Vanitas paintings (very popular in 17th-century Netherlands!) often depicted objects like skulls and hourglasses combined with beautiful yet temporary things such as fruit, flowers, and butterflies. These arrangements—often painted in a highly illusionistic style—were meant to serve as reminders that material goods are a mere distraction and that our lives are fleeting.

1024px-Adriaen_van_Utrecht-_Vanitas_-_Still_Life_with_Bouquet_and_Skull

Here’s an example of a traditional vanitas: Adrian van Utrecht’s Still Life with a Bouquet and a Skull, dated 1642. (It now belongs to the private collector Richard Harris.)

For her own painting Jolie Madame, Flack gathered similar items: flowers on the verge of wilting…costly vessels made from fine, fragile materials…strings of pearls…a gold pocket-watch. She also includes the item that gives her painting its name: a bottle of Balmain’s Jolie Madame Eau de Toilette.

Jolie Madame is a cult favorite among vintage-perfume lovers: it’s a bold, almost androgynous mix of green notes, violet, and leather. (Check out Angela’s review on Now Smell This for more details!) This fragrance was launched in 1953, but it was certainly still being sold in the early 1970s.

Here’s an advertisement dated 1973, the same year as Flack’s painting. Balmain was obviously marketing Jolie Madame as a throwback to classic glamour:

Flack hit her stride professionally at a time when the modern feminist movement was in full swing, and her art often evokes themes of female identity. The title Jolie Madame translates roughly as “pretty woman,” and the lush red rose and sparkling jewelry are items that we associate with conventionalized ideas of romance and feminine beauty.

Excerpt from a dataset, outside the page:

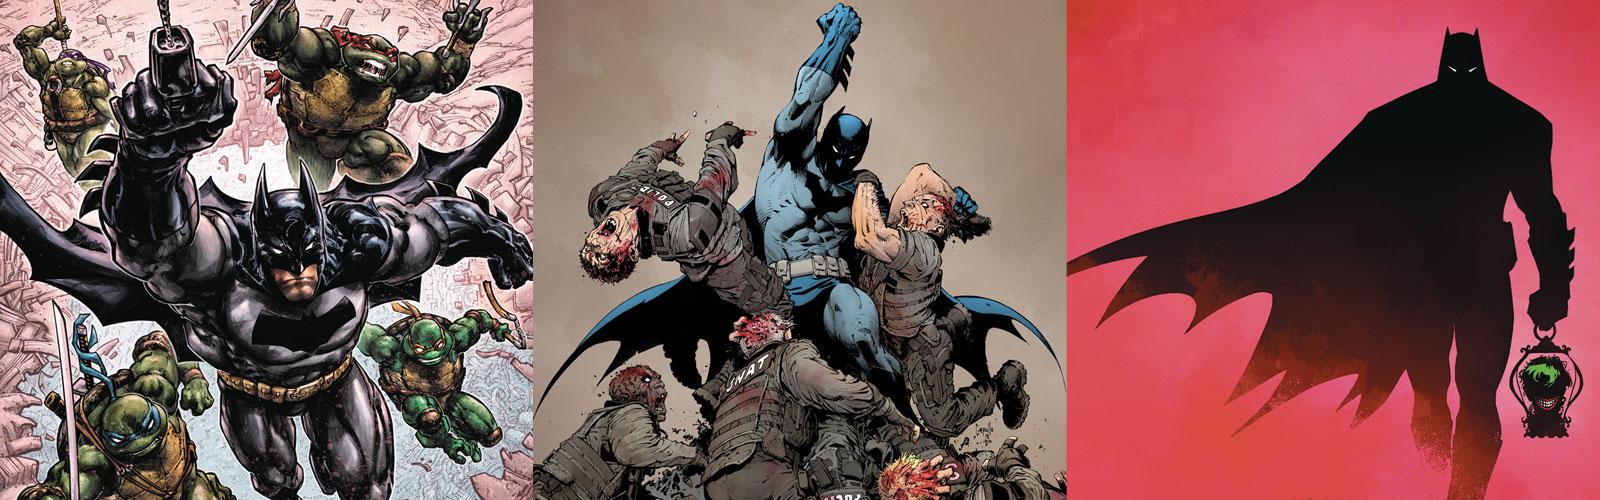 Solicitations: May 2019 – DC Comics

I find it interesting that Flack chose to show the bottle of Jolie Madame half-empty (or half-full?). Perfume, of course, is one of the most ephemeral items we can own: it’s invisible when used, and designed to evaporate…the most fleeting of pleasures. I can understand why she included perfume bottles in several of her vanitas works.

One comment

  1. Great article. Flack depicts a curved bottle rather than the squared one in the 1970s advert…any ideas what vintage her bottle is? Just curious ( adds another time dimension, in an obscure way). The NGA is one of my favourite galleries, too.